The data:
====
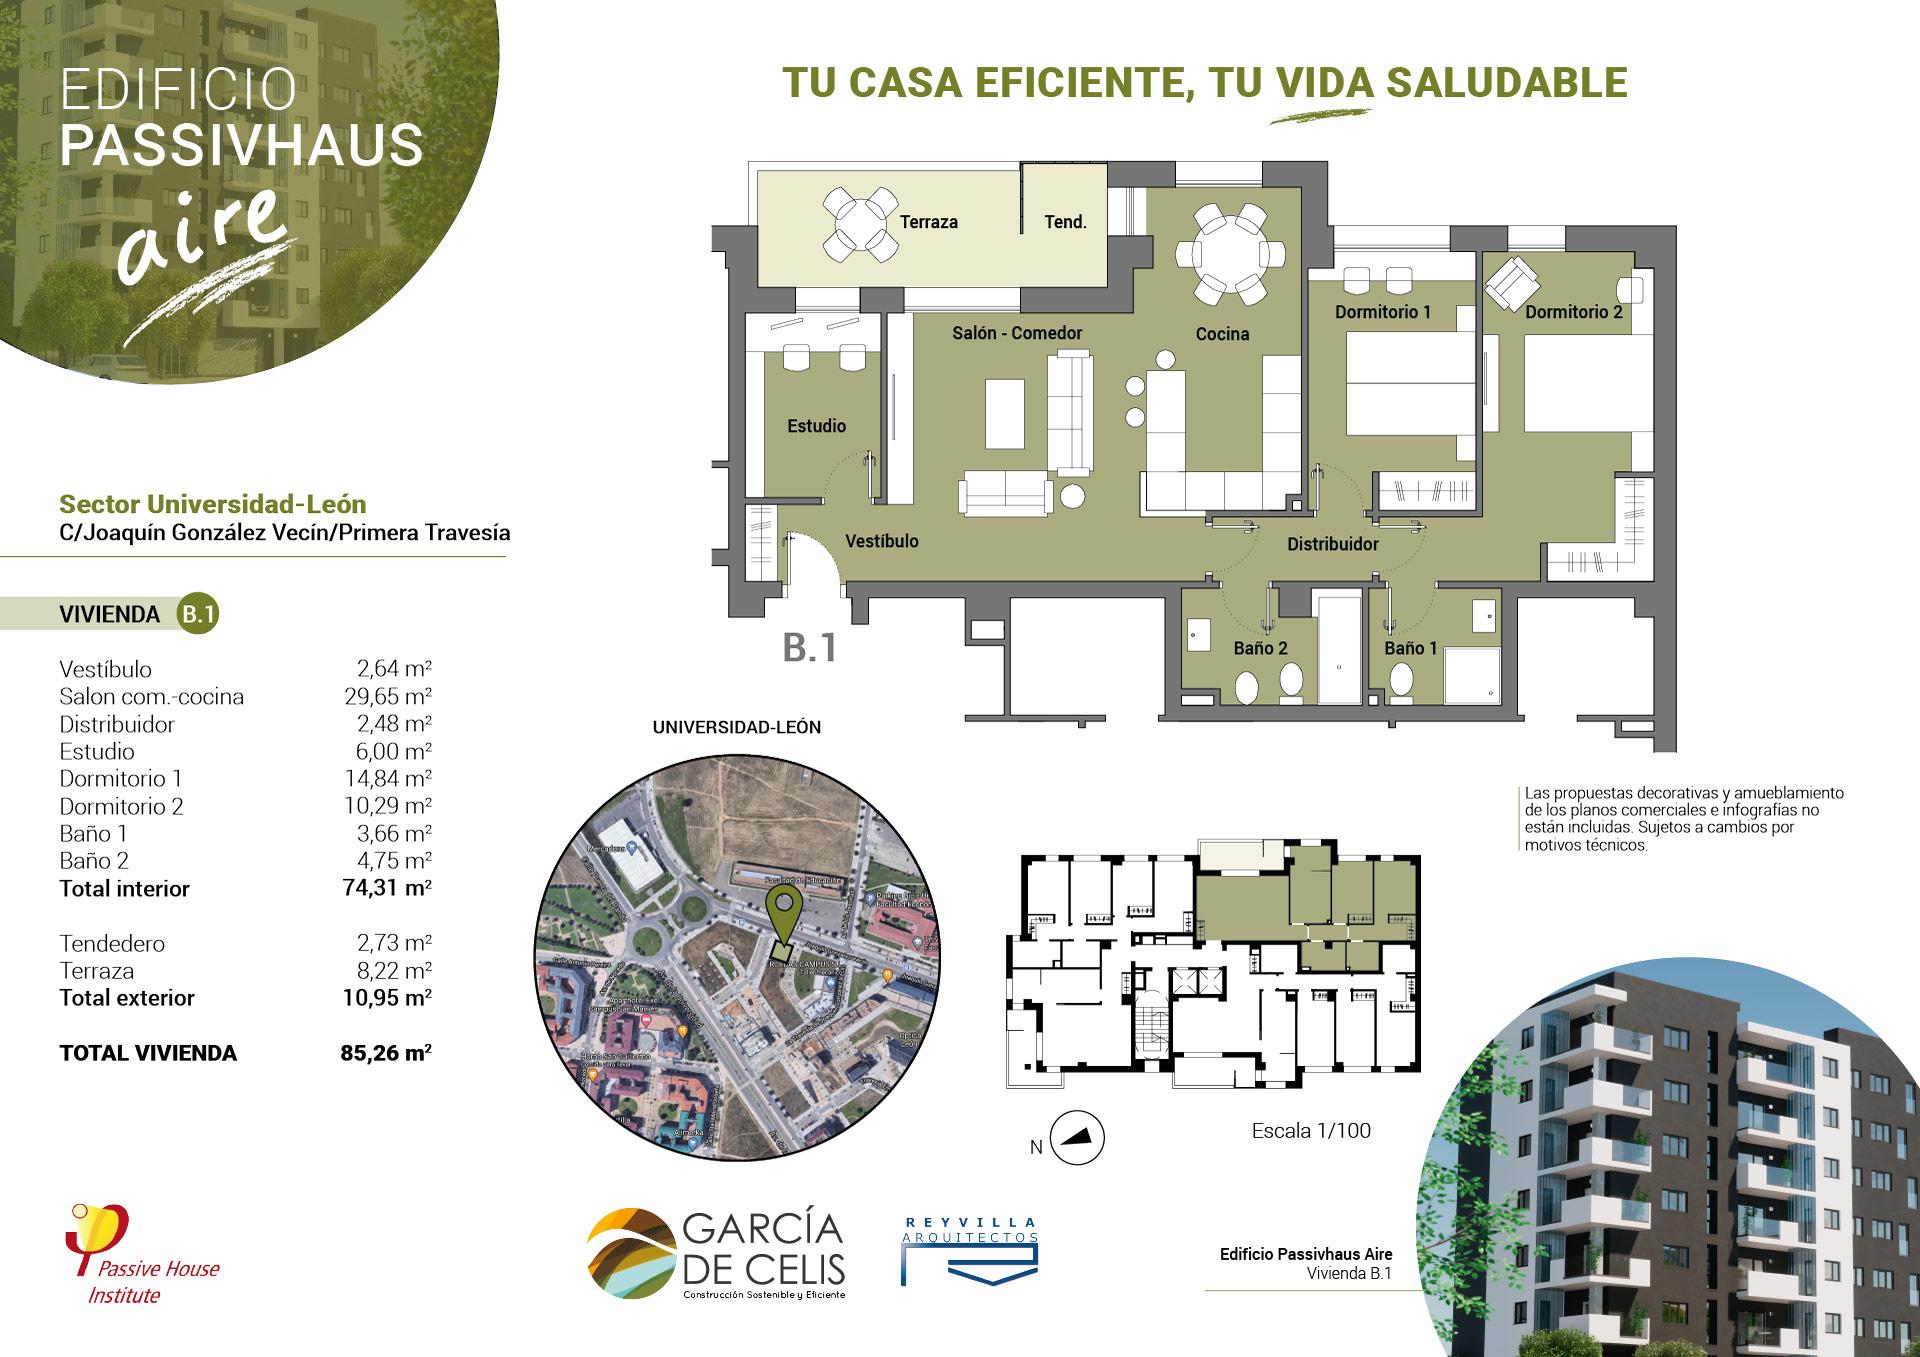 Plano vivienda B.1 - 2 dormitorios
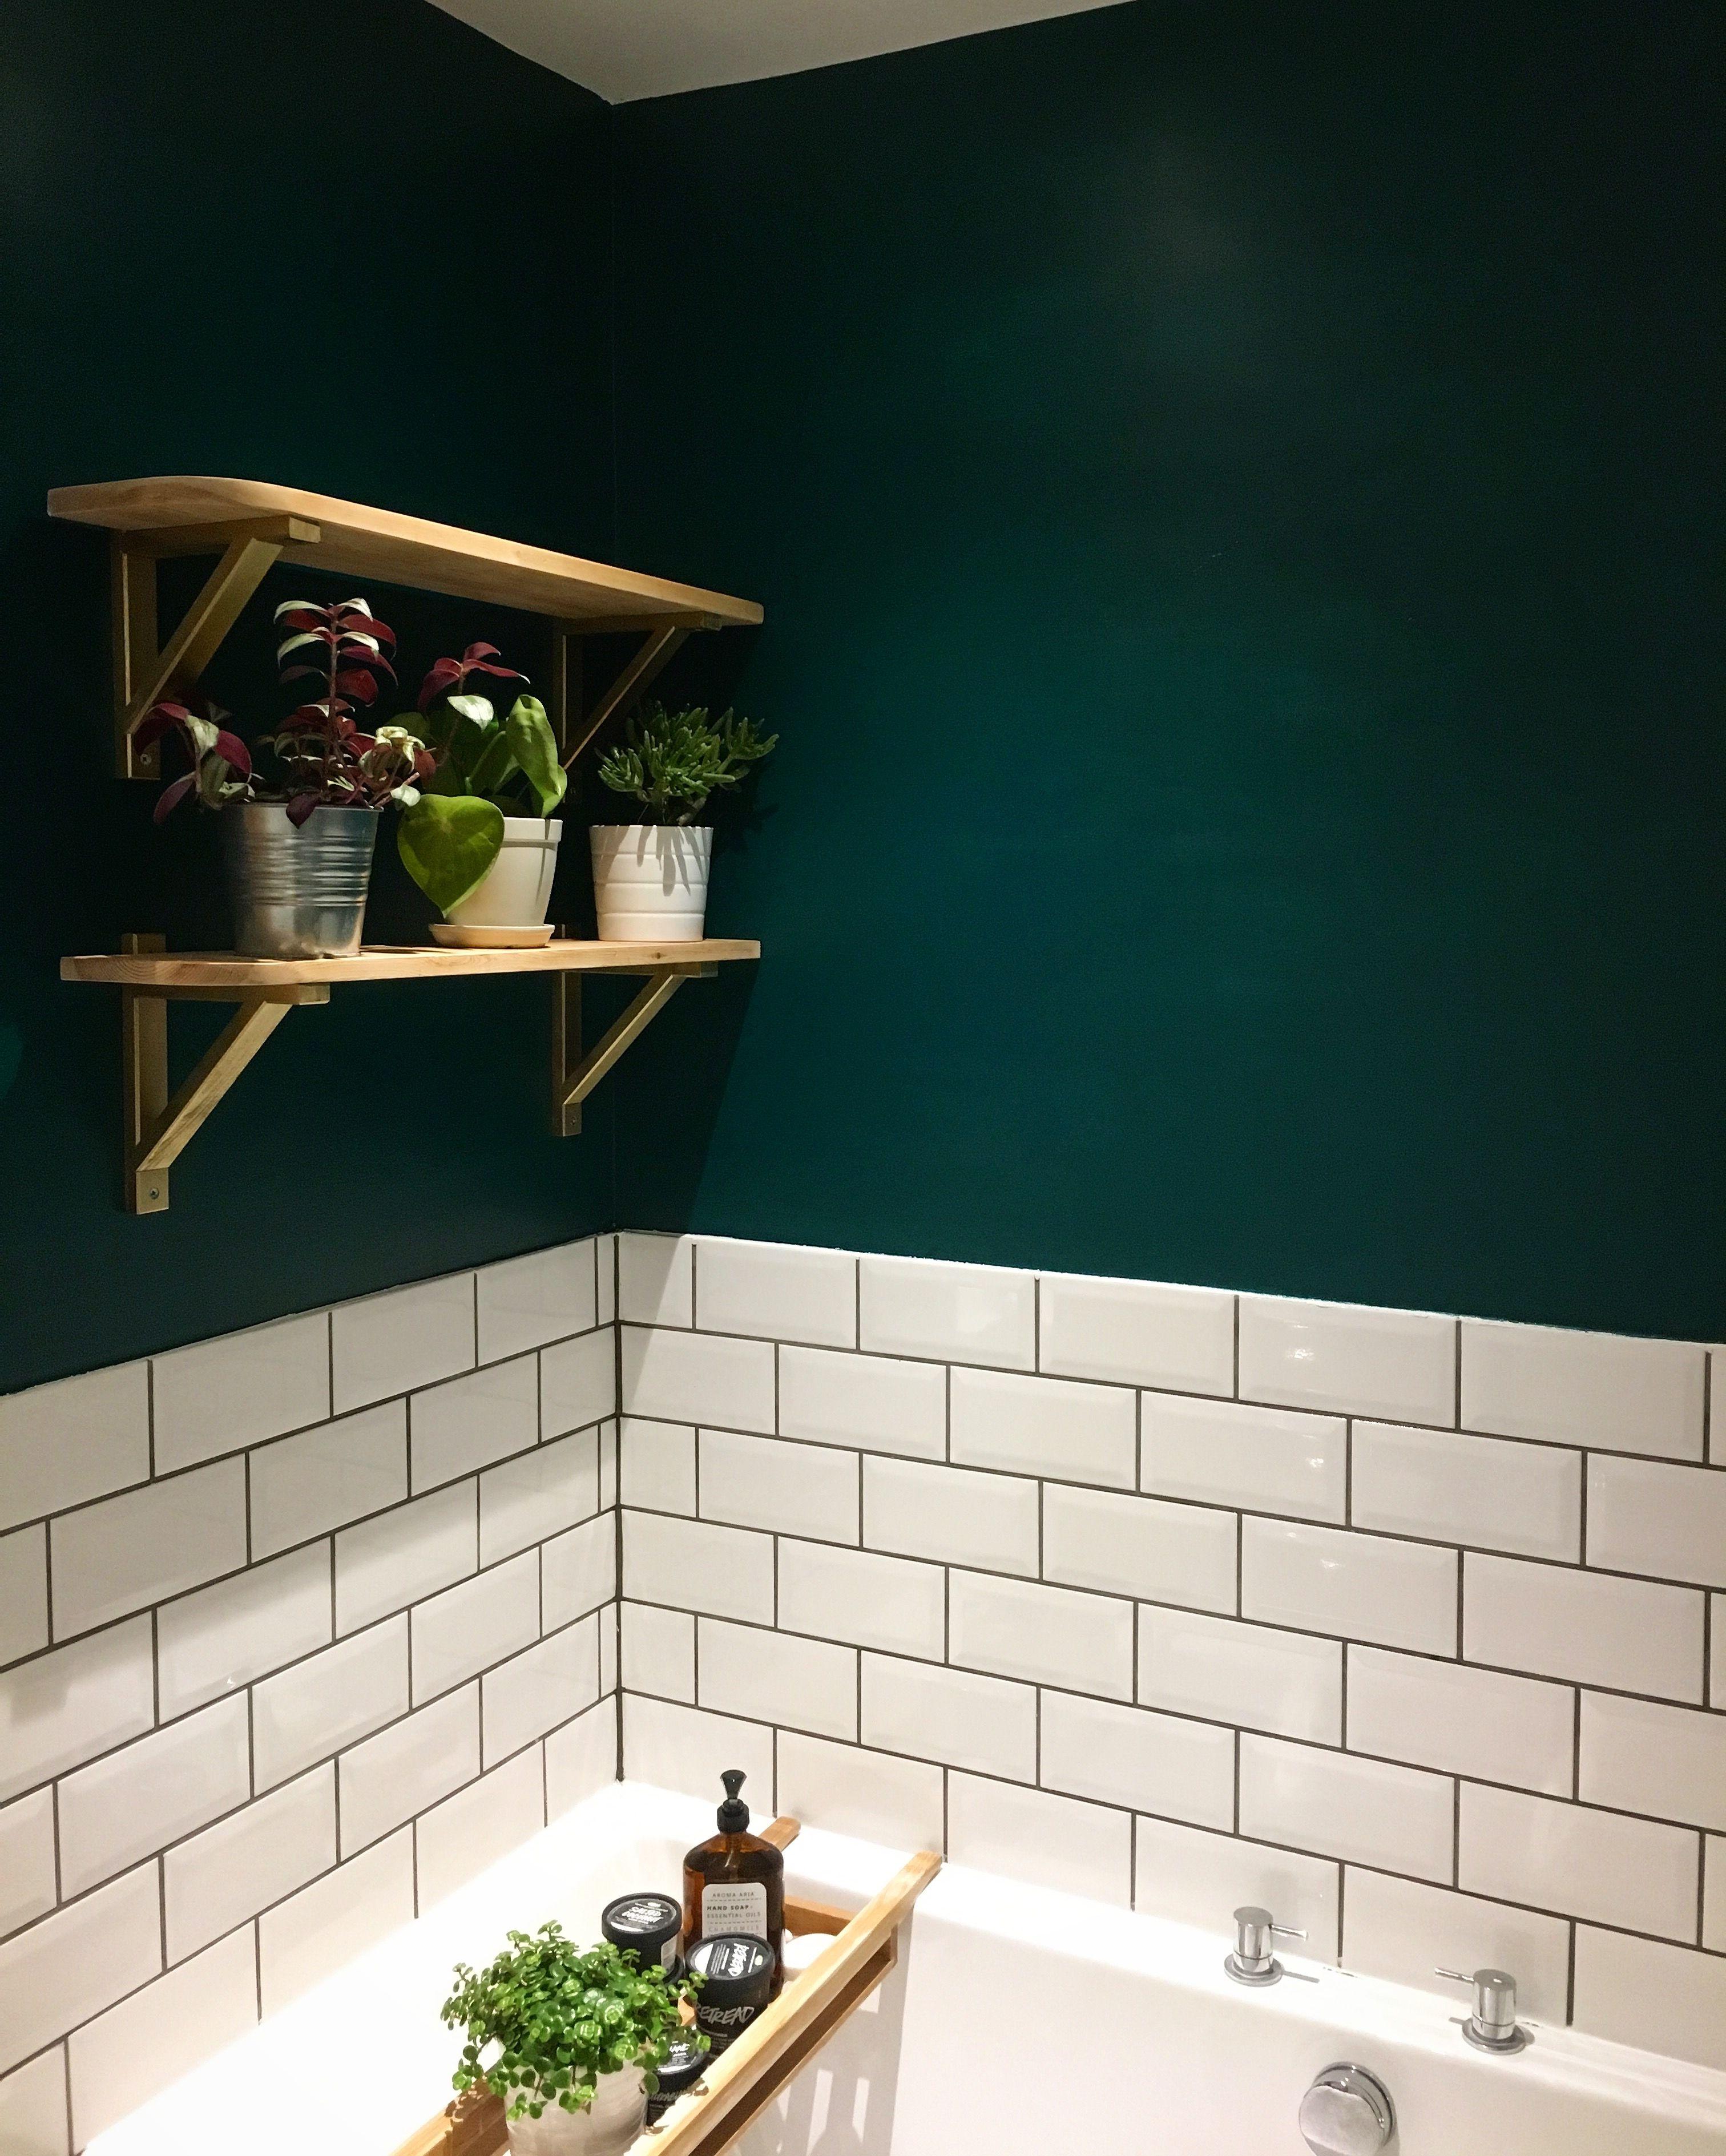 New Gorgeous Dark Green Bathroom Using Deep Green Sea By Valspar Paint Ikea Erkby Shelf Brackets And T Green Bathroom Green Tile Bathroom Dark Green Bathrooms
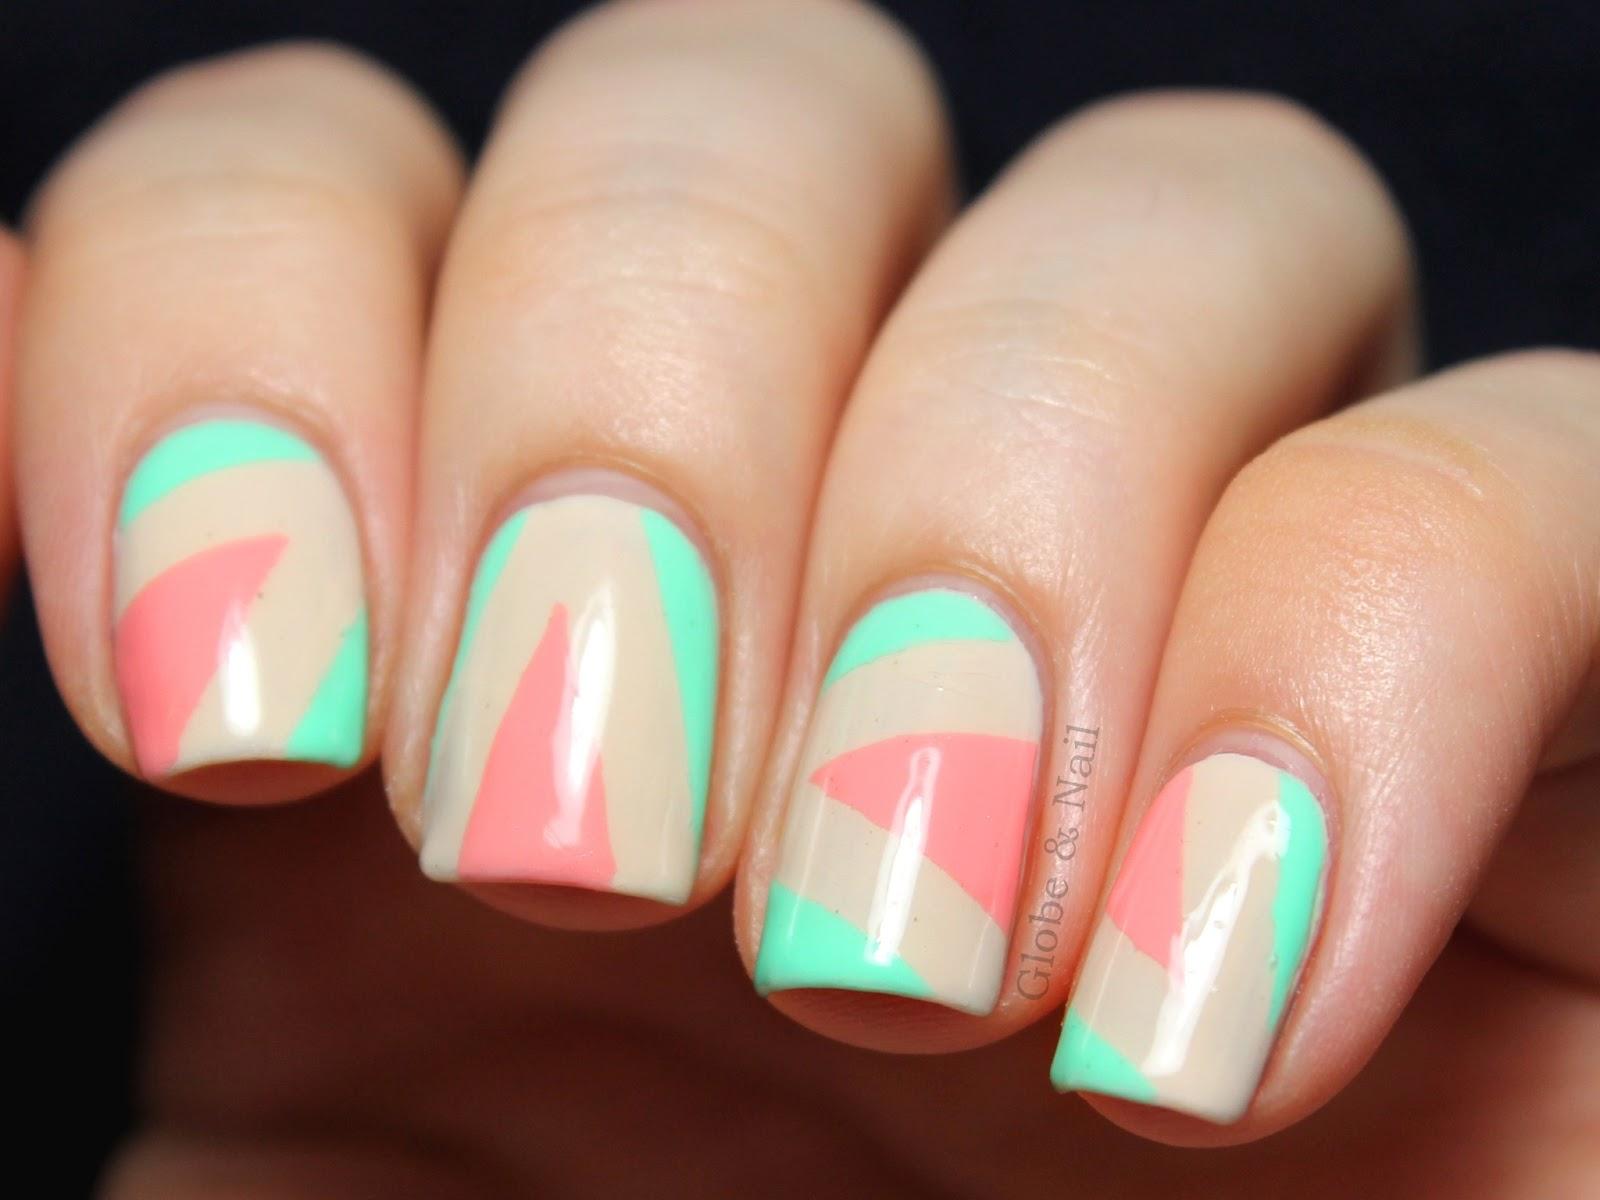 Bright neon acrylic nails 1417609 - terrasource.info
====
Task brief: Without the pictures, repeat the listing word for word.

Answer section:
 Plano vivienda B.1 - 2 dormitorios
 New Gorgeous Dark Green Bathroom Using Deep Green Sea By Valspar Paint Ikea Erkby Shelf Brackets And T Green Bathroom Green Tile Bathroom Dark Green Bathrooms
 Bright neon acrylic nails 1417609 - terrasource.info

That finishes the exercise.